Using HCCL

HCCL Library

The HCCL library is provided as a dynamically-linked library named libhccl.so.X.Y.Z, where X.Y.Z denotes Abseil compatible with a specific TensorFlow version. For instance, a library named libhccl.so.2.4.1 has Abseil ABI compatible with TensorFlow 2.4.1. However, the HCCL library does not depend on TensorFlow and technically may be used without it.

Note

Library name suffix as well as Abseil will be removed in future releases.

To access HCCL C API from C/C++:

#include <hccl/hccl.h>

This header defines HCCL symbols, for example hcclGetVersion function. For symbols which have their counterpart in NCCL API, portability macros are defined as well:

#define ncclGetVersion hcclGetVersion

MPI

Throughout this document, Open MPI usage is provided in all examples. However, HCCL does not have an Open MPI dependency and can be built and used without it.

In HCCL, application MPI (or equivalent) is required for: # Broadcasting unique_id to all workers. # Spawn all the worker processes on multiple nodes.

The below is an example of running HCCL application with MPI:

mpirun -np 8 --tag-output my_program

In addition, any program using both HCCL and MPI must initialize MPI execution context prior to using MPI for broadcasting unique_id.

MPI_Init(&argc, &argv);

HCCL Runtime Initialization

Before the HCCL communicator is created, the Gaudi device needs to be acquired using Synapse API calls.

synDeviceId device_handle{};
const synModuleId device_module_id {mpi_rank % MODULES_PER_NODE};
synDeviceAcquireByModuleId(&device_handle, device_module_id);

This is a simple flow for opening the device. module_id should be a number in range [0, MODULES_PER_NODE-1] and mpi_rank is used to assign different devices for every process.

MODULES_PER_NODE variable is the number of devices available on single host.

Prior to exiting, the program should release the device in Synapse by calling synDeviceRelease passing a handle received from synDeviceAcquireByModuleId call.

synDeviceRelease(device_handle);

Warning

Currently, HCCL supports only single device per process, and by default all HCCL calls use the device that was acquired first within the given process context.

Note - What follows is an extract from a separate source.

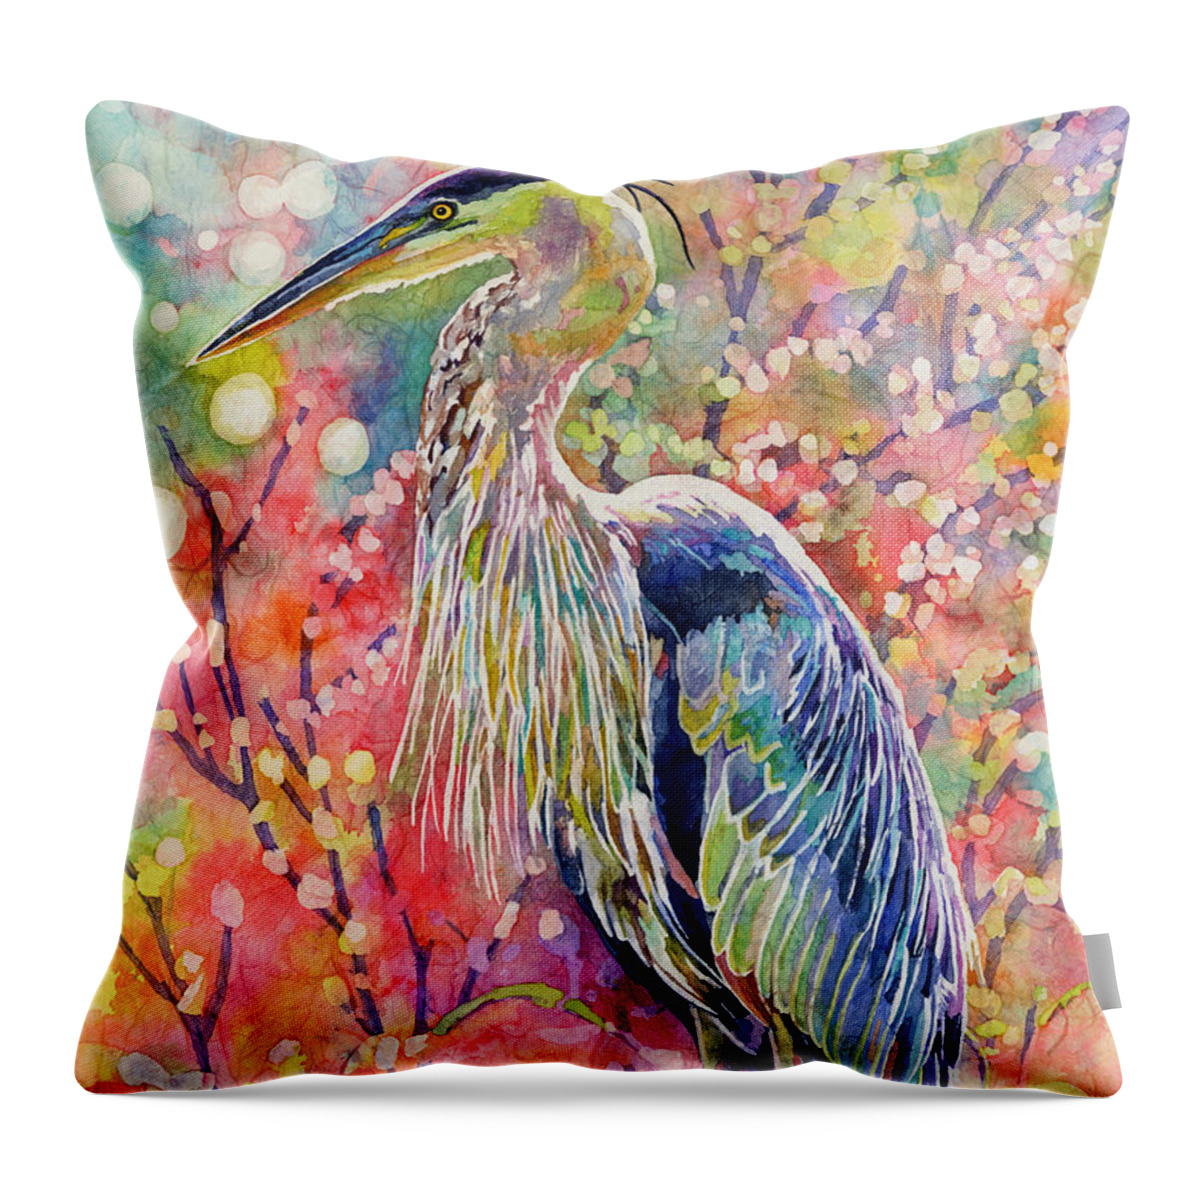 Heron Throw Pillow featuring the painting Elegant Repose by Hailey E Herrera

HCCL Environment Variables

During the HCCL initialization phase, the environment variables presented in the table below are used.

Parameter

Short Description

Value if not set

HCCL_BASE_PORT

Port range used for sideband communication.

45000

HCCL_SOCKET_IFNAME

Prefix of name of network interface used for sideband communication.

Auto-detected (see description)

HCCL_BASE_PORT

HCCL_BASE_PORT defines the beginning of the port range that should be used for HCCL sideband TCP communication. The ports used by HCCL are in range [HCCL_BASE_PORT, HCCL_BASE_PORT+100].

HCCL_SOCKET_IFNAME

HCCL_SOCKET_IFNAME defines the prefix of the network interface name that is used for HCCL sideband TCP communication. If not set, the first network interface with a name that does not start with lo or docker will be used.

HCCL Streams and Asynchronicity of Issued Operations

Synchronization between communication and compute is done using Synapse API stream calls. For calling HCCL, you first need to acquire stream from Synapse:

synStreamHandle collective_stream{};
synStreamHandle device_to_host_stream{};
synStreamHandle host_to_device_stream{};

synStreamCreate(&collective_stream, device_handle, STREAM_TYPE_NETWORK_COLLECTIVE, 0);
synStreamCreate(&device_to_host_stream, device_handle, STREAM_TYPE_COPY_DEVICE_TO_HOST, 0);
synStreamCreate(&host_to_device_stream, device_handle, STREAM_TYPE_COPY_HOST_TO_DEVICE, 0);

In the above example, synStreamCreate is called many times for obtaining different streams for different purposes.

All collective operations are asynchronous - implemented as non-blocking calls. After an asynchronous call, another collective operation may be called immediately after as long as it uses the same Synapse stream.

When the next operation uses a different stream, synchronization needs to be added. It can be done either in a blocking manner, using synStreamSynchronize, or in a non-blocking manner, using synEventRecord and synStreamWaitEvent pair.

...
hcclAllReduce(input_dev_ptr, output_dev_ptr, elem_cnt,
    hcclFloat32, hcclSum, hccl_comm, collective_stream);
// Create event that will mark end of *hcclAllReduce* operation
synEventHandle allreduce_event;
synEventCreate(&allreduce_event, device_handle, 0);
synEventRecord(allreduce_event, collective_stream, 0);
// Signal that all the work on *device_to_host_stream* should wait for *allreduce_event*
synStreamWaitEvent(device_to_host_stream,  allreduce_event, 0);
// Schedule copy request from device to host
synMemCopyAsync(device_to_host_stream, output_dev_ptr, data_size, host_buffer_ptr, DRAM_TO_HOST)
// Wait (in blocking manner) for data to reach the host
synStreamSynchronize(device_to_host_stream);
...

The above example shows how to synchronize calls to hcclAllReduce by copying data to host. After all operations are submitted on streams, blocking synStreamSynchronize is called. This is done for blocking wait until all the data is copied on the host. More information can be found in the SynapseAI Training API Reference documentation.